Aber nun der Tag von Anfang an:
Mein ehemaliger Mitbewohner Alex (Auch dieser Name geändert) wohnte damals noch bei mir. Ich hatte Semesterferien und war auf "Heimaturlaub" meine Mama besuchen. Es war ein Freitag. Alex kam nach seiner Arbeit in meine Heimatstadt, wir wollten abends gemeinsam mit meiner besten Freundin und ihren Cousinen weggehen.
Alex kam also in meine Heimatstadt. Wir machten uns fertig zum Ausgehen. Der erste Abend mit Modafinil und Alkohol für mich außerhalb 4 Wänden. Alex wusste bescheid, er sagte, er kümmere sich schon um mich und sorge dafür, dass ich in einem Stück heim käme. Wir wollten es beide ausprobieren. -Es war bekannt, dass ich ab und an Gedächtnislücken habe, mein Wesen sich veränderte, und ich von jetzt auf gleich alle Leichtsinnigkeit über Bord warf und ein "rationaler Automatismus" einsetzte, bei der Kombination mit Alkohol. Alex wollte auch mal Modafinil ausprobieren (da viele dieses Medikament als 'Smart Drug' verwenden um Leistungsfähiger zu sein.) Mir war alles andere als wohl dabei... Er nahm eine, während ich auf der Toilette war und erwähnte es erst danach... Danke.
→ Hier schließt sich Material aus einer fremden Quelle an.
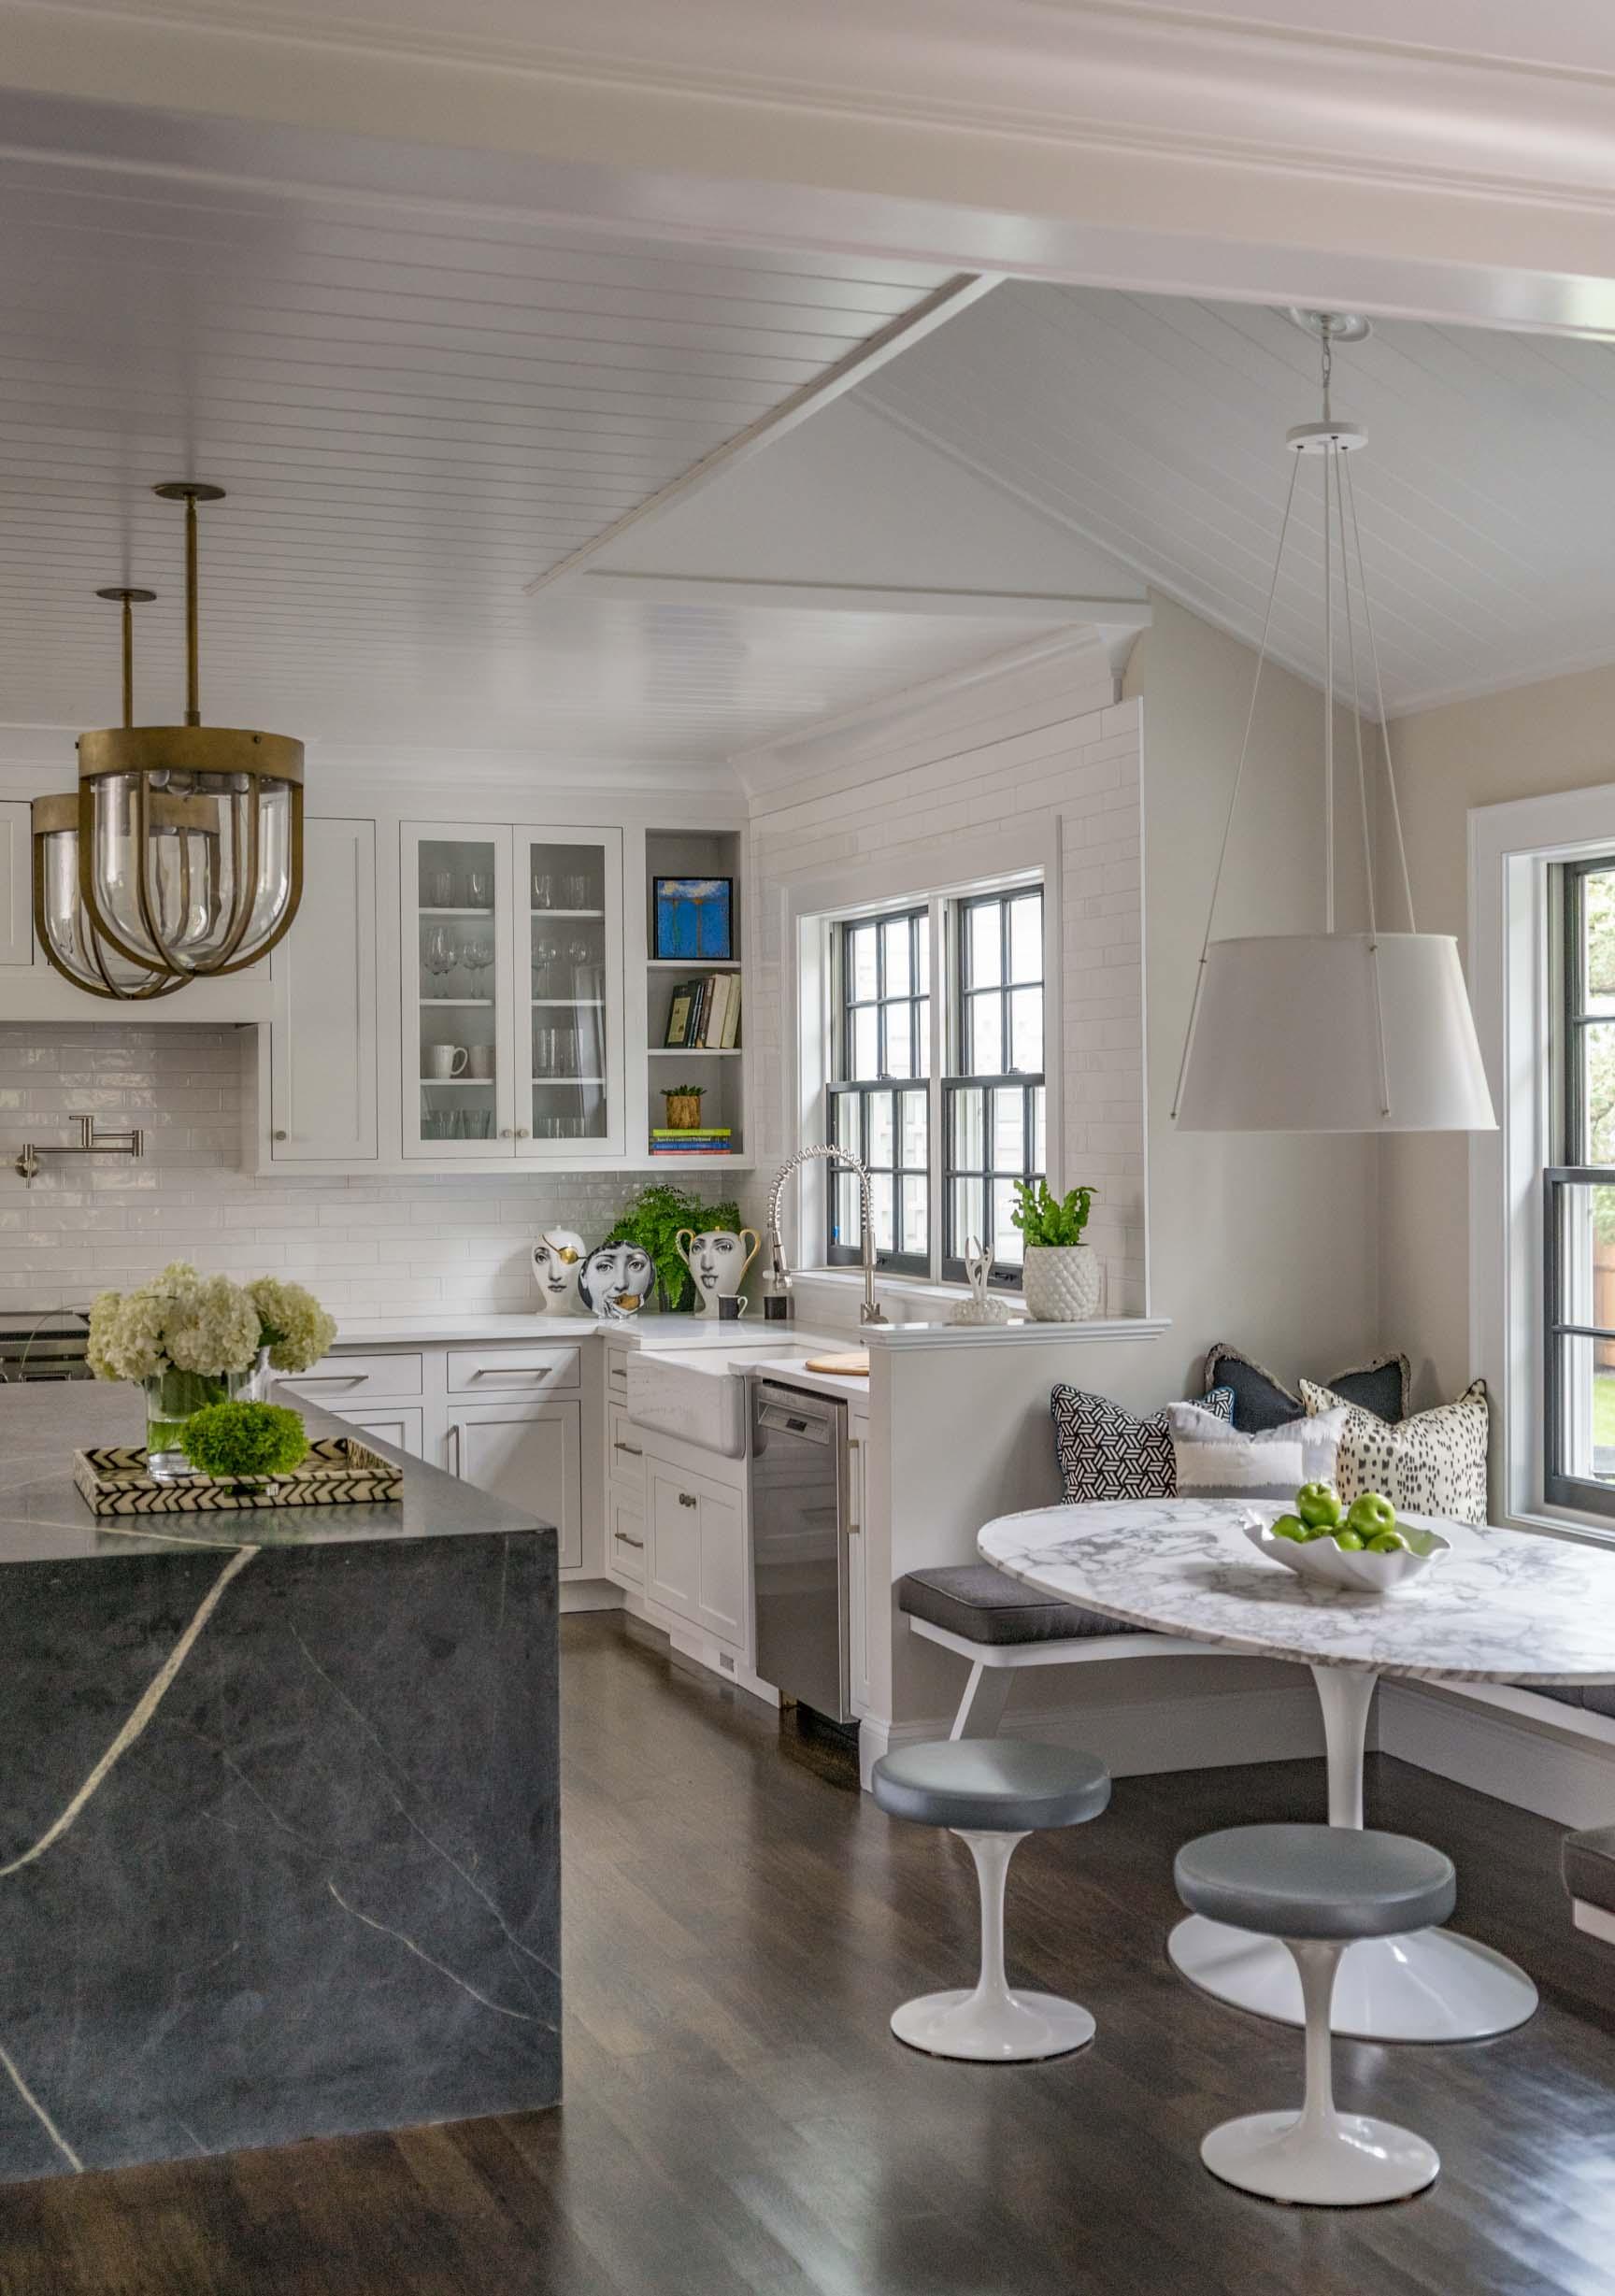 kitchen-by-liz-caan-interior-design-Dover-Dr-Wellesley

So weit so gut. Wir waren noch bei meiner Ma, tranken Sekt und Wein, wollten den Bus um 23 Uhr in die Stadt nehmen...
Das taten wir auch. Ich war schon mehr als gut angetrunken. Ich vertrug noch nie viel Sekt.

Wir trafen uns mit Maria und ihren Cousinen... Alex war bereits seit über einem Jahr Single und ist ein Mann der schüchternen Fraktion. Nicht hässlich, kein Instagram-Model... Ein netter Kerl. Wir versuchten ihm mit einer von Marias Cousinen zu verkuppeln... Es gelang nicht so ganz :D aber gut.... Wir hatten in der ersten Bar einen schön Zeit, unterhielten uns, lachten, hatten Spaß.

So weit so gut... Es war 1, es war an der Zeit in einen Club zu gehen... Wir entschieden uns für Smile (auch dieser Name wurde geändert). Eigentlich gar nicht meine Adresse, aber nun gut. Mit verschiedenen Freundeskreisen landet man nun mal in verschiedenen Clubs. Eigentlich gehe ich oft ins -nennen wir es- Jay.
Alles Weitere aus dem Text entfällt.